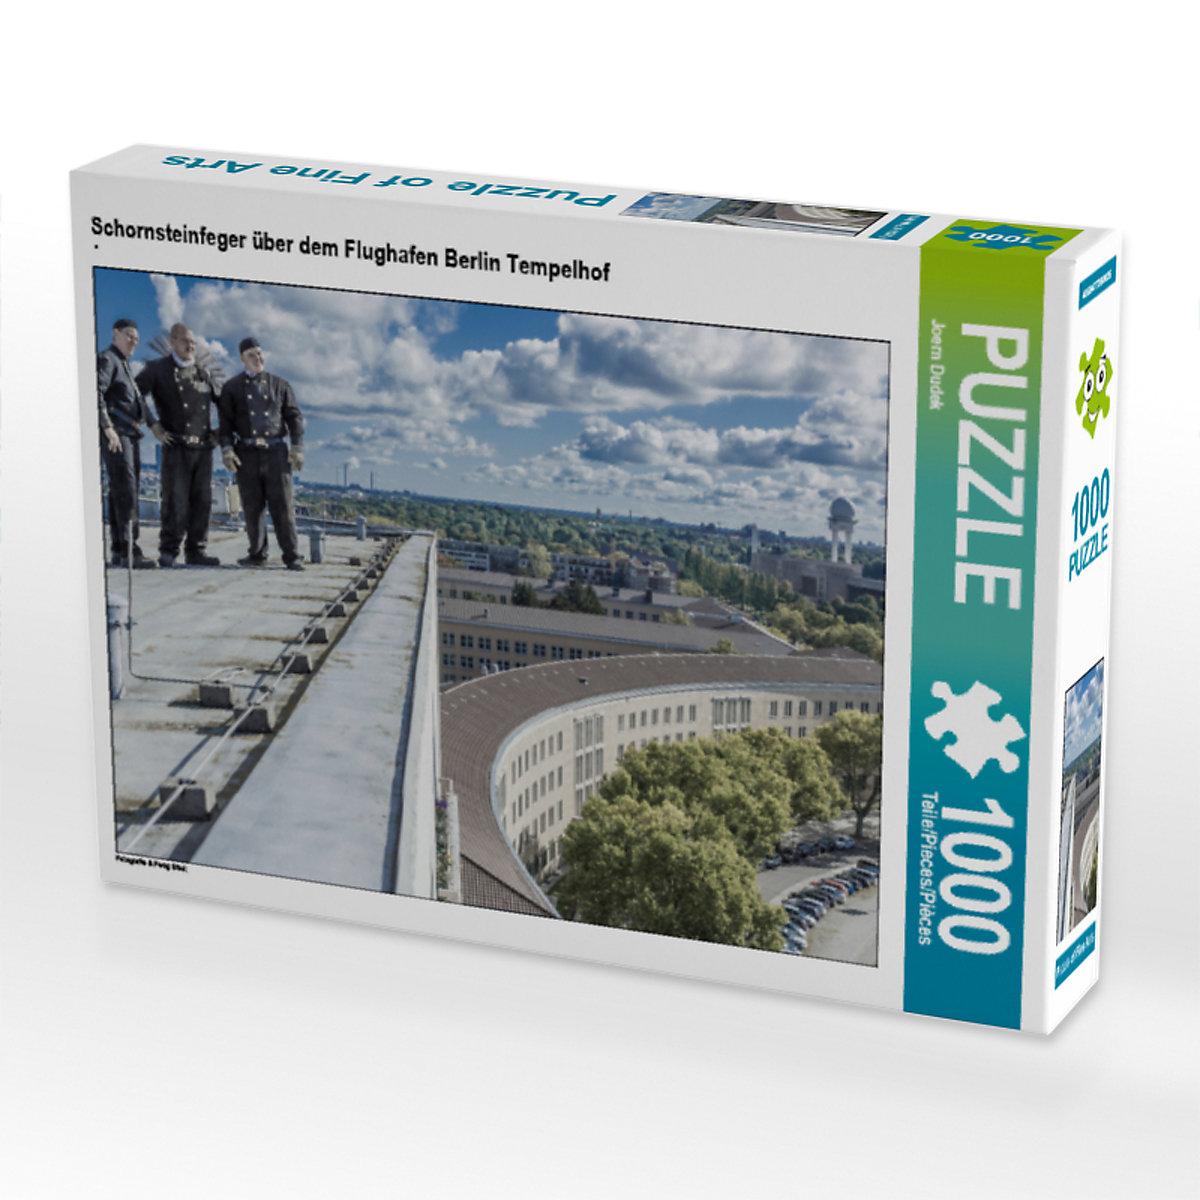 CALVENDO® Puzzle CALVENDO Puzzle Schornsteinfeger über dem Flughafen Berlin Tempelhof 1000 Teile Foto-Puzzle für glückliche Stunden
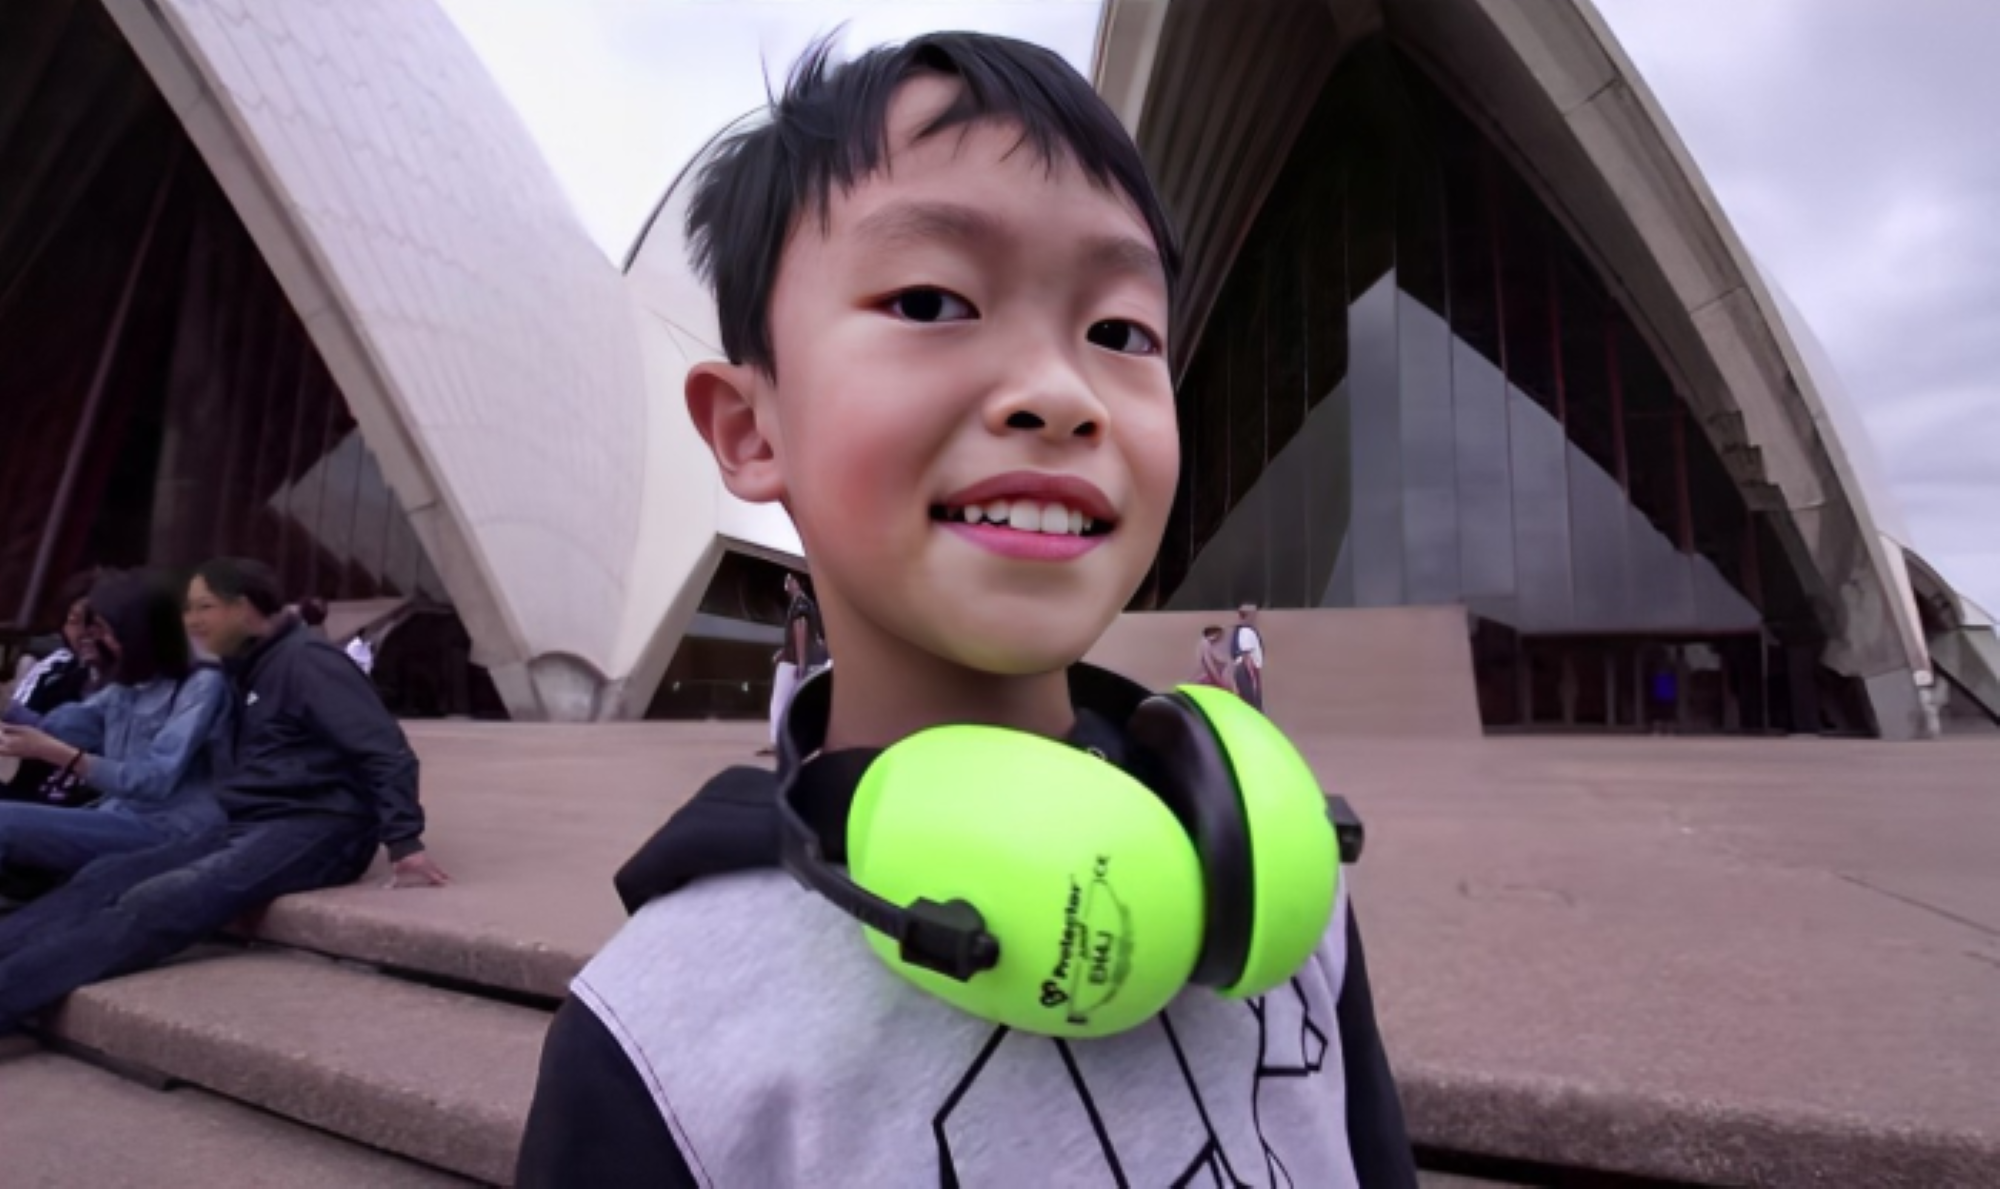 Lúc mới 4 tuổi, Seth Yee đã được chứng nhận ‘thiên tài’ với chỉ số IQ là 134, nằm trong top 1% trẻ em trên thế giới.
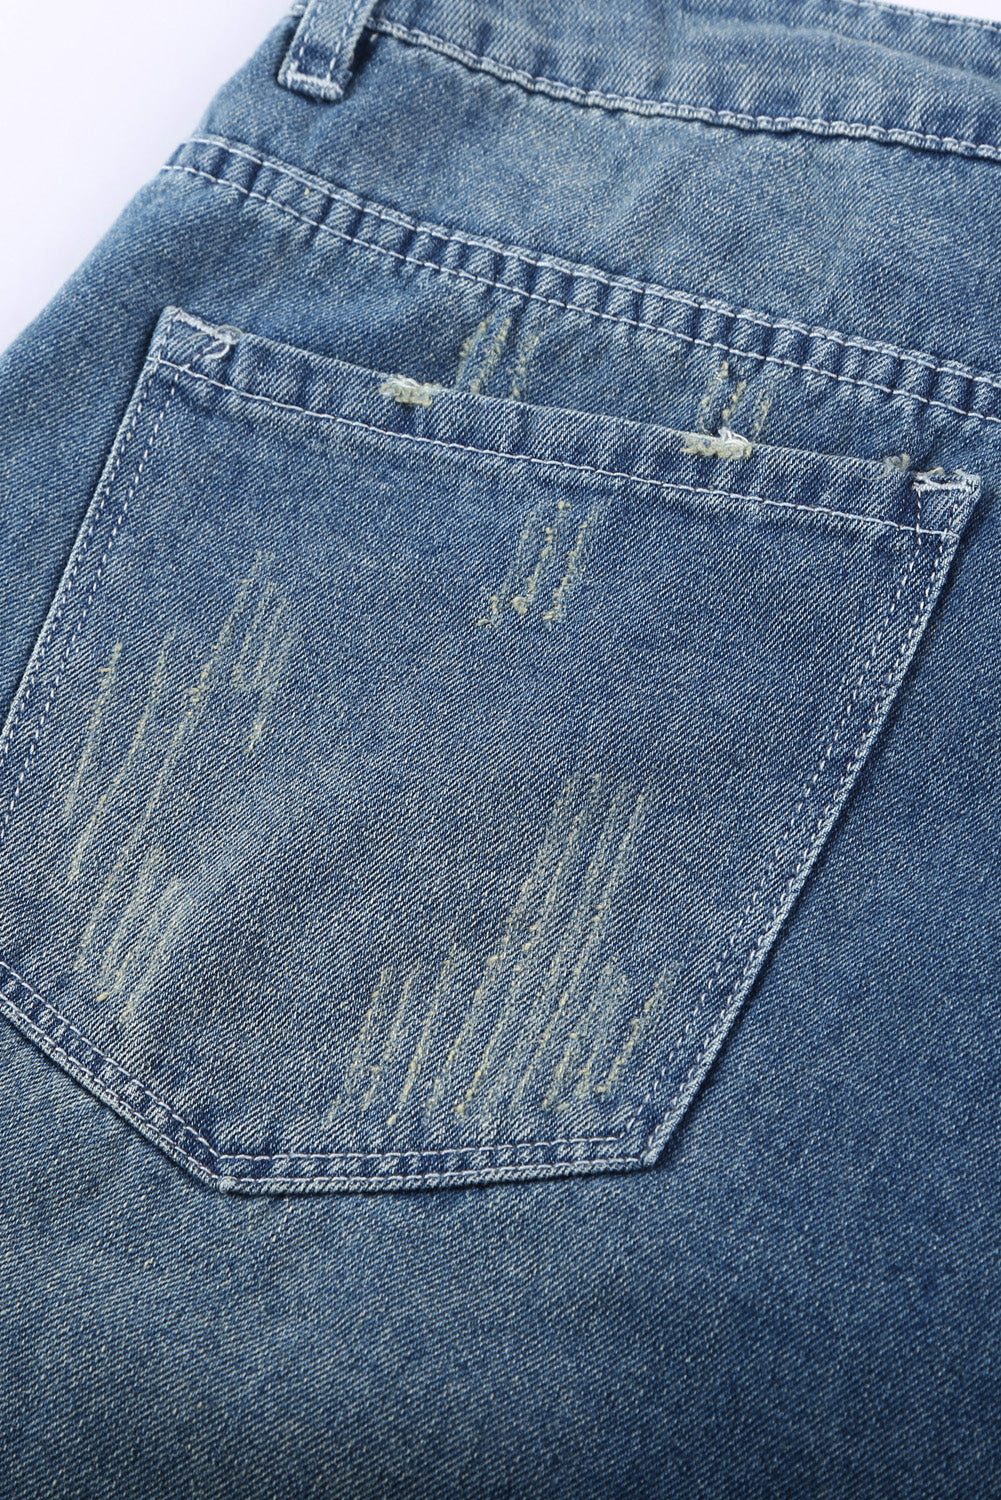 Iskrzane plave traper kratke hlače s poderanim valjanim porubom

(Problem details) Copy out, with no pictures, the lines from the one containing "Lúc mới 4 tuổi, Seth" through the last line of the data above, both ends included and each word unchanged.

(Result for this task)
 Lúc mới 4 tuổi, Seth Yee đã được chứng nhận ‘thiên tài’ với chỉ số IQ là 134, nằm trong top 1% trẻ em trên thế giới.
 Iskrzane plave traper kratke hlače s poderanim valjanim porubom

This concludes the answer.